最近做病理AI的細胞計數問題，需要對圖像中的各個細胞進行分類，若採用普通的CNN+普通圖像分割，估計實現效果不佳。爲了解決這個問題，大致有兩種方案：目標檢測和圖像分割。目標檢測的算法以Faster R-CNN、RetinaNet、YOLO3、SSD等算法爲代表；圖像分割則以U-Net 等爲代表。本文將簡述 U-Net。

平時接觸較多的是TensorFlow、PyTorch 和 Keras 三大框架，因此本文附上了這三大框架的代碼實現。讀者可根據自己的習慣選擇相應的實現方法。

當然，對於圖像分割問題，其實更推薦TensorFlow官方資料：Image Segmentation

注：由於本文大多數內容借鑑自大佬們的博客，而非原創，是故本文爲轉載類型，參考資料附在了文末。

1、PyTorch框架下 U-Net的實現

2、TensorFlow框架下 U-Net的實現

2-1. Layers

2-2. U-Net

3、Keras框架下 U-Net的實現

一、預備知識

1、反捲積操作

本文所介紹的U-Net中關鍵步驟是上採樣，用到了反捲積的知識，具體可參考如下資料。

反捲積（轉置卷積）操作（資料1）：卷積神經網絡CNN（1）——圖像卷積與反捲積（後卷積，轉置卷積）

反捲積（轉置卷積）操作（資料2）：Convolution arithmetic tutorial

反捲積本質上可以轉化爲卷積，下面將卷積操作的概念進行擴展（參考資料：MATLAB二維卷積）。
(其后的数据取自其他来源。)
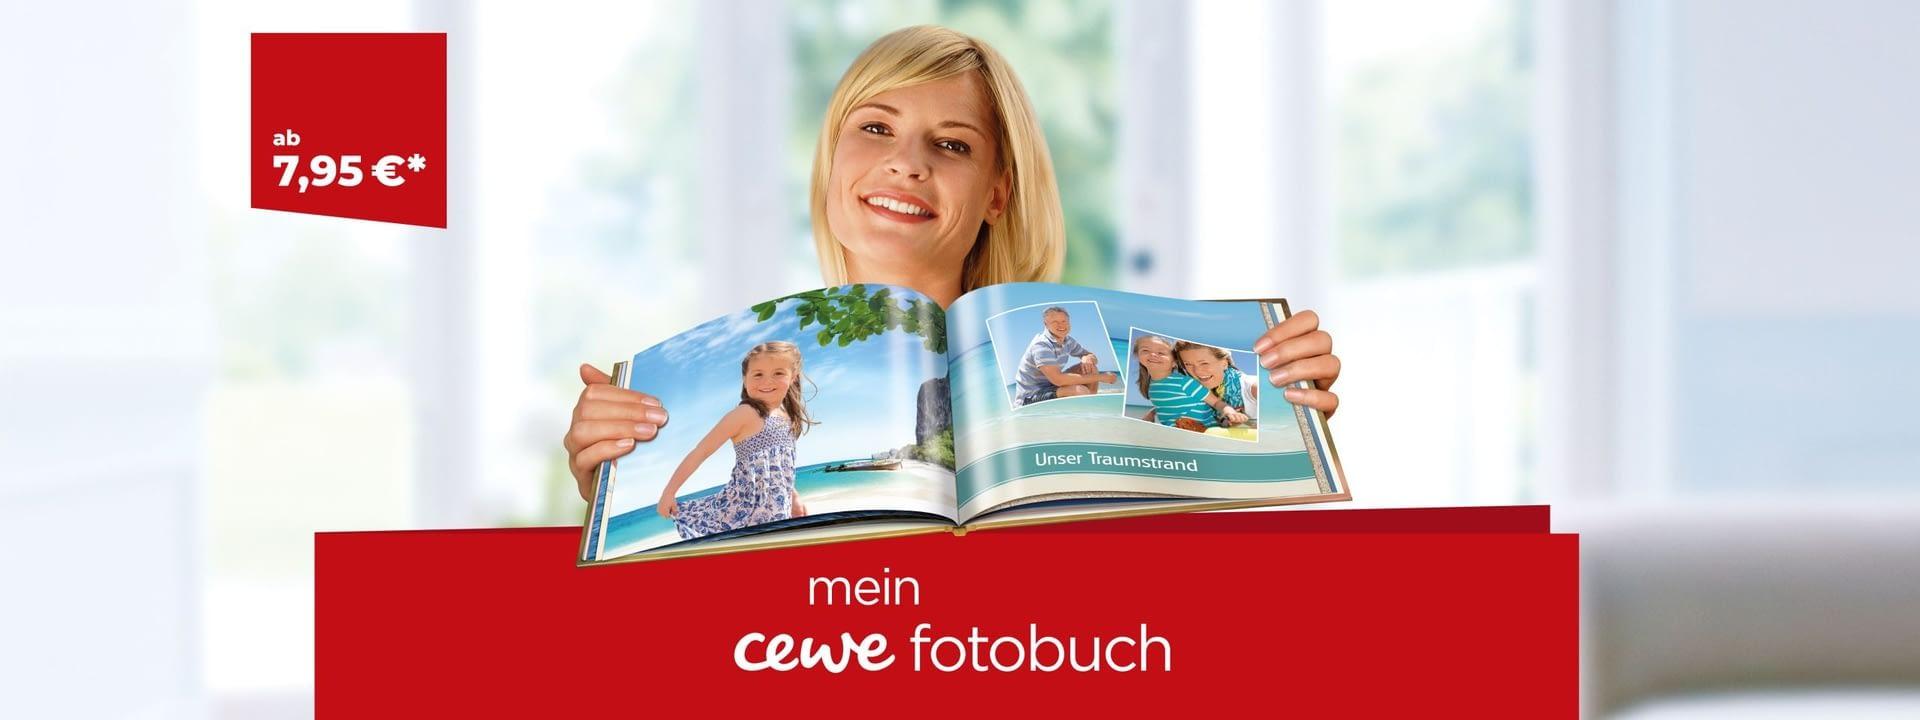 cewe-fotobuch-desktop.jpg

二維卷積的幾種計算形式（shape）：1.full 2.same 3. valid

full - 返回完整的二維卷積（如下圖）。

same - 返回卷積中大小與 A 相同的中心部分（如下圖）。

valid - 僅返回計算的沒有補零邊緣的卷積部分（如下圖）。

2、基於普通CNN實現圖像分割

早先，就有人嘗試使用傳統的CNN框架實現圖像分割，2012年NIPS上有一篇論文：Deep Neural Networks Segment Neuronal Membranes in Electron Microscopy Images

思路：對圖像的每一個像素點進行分類，在每一個像素點上取一個patch，當做一幅圖像，輸入神經網絡進行訓練。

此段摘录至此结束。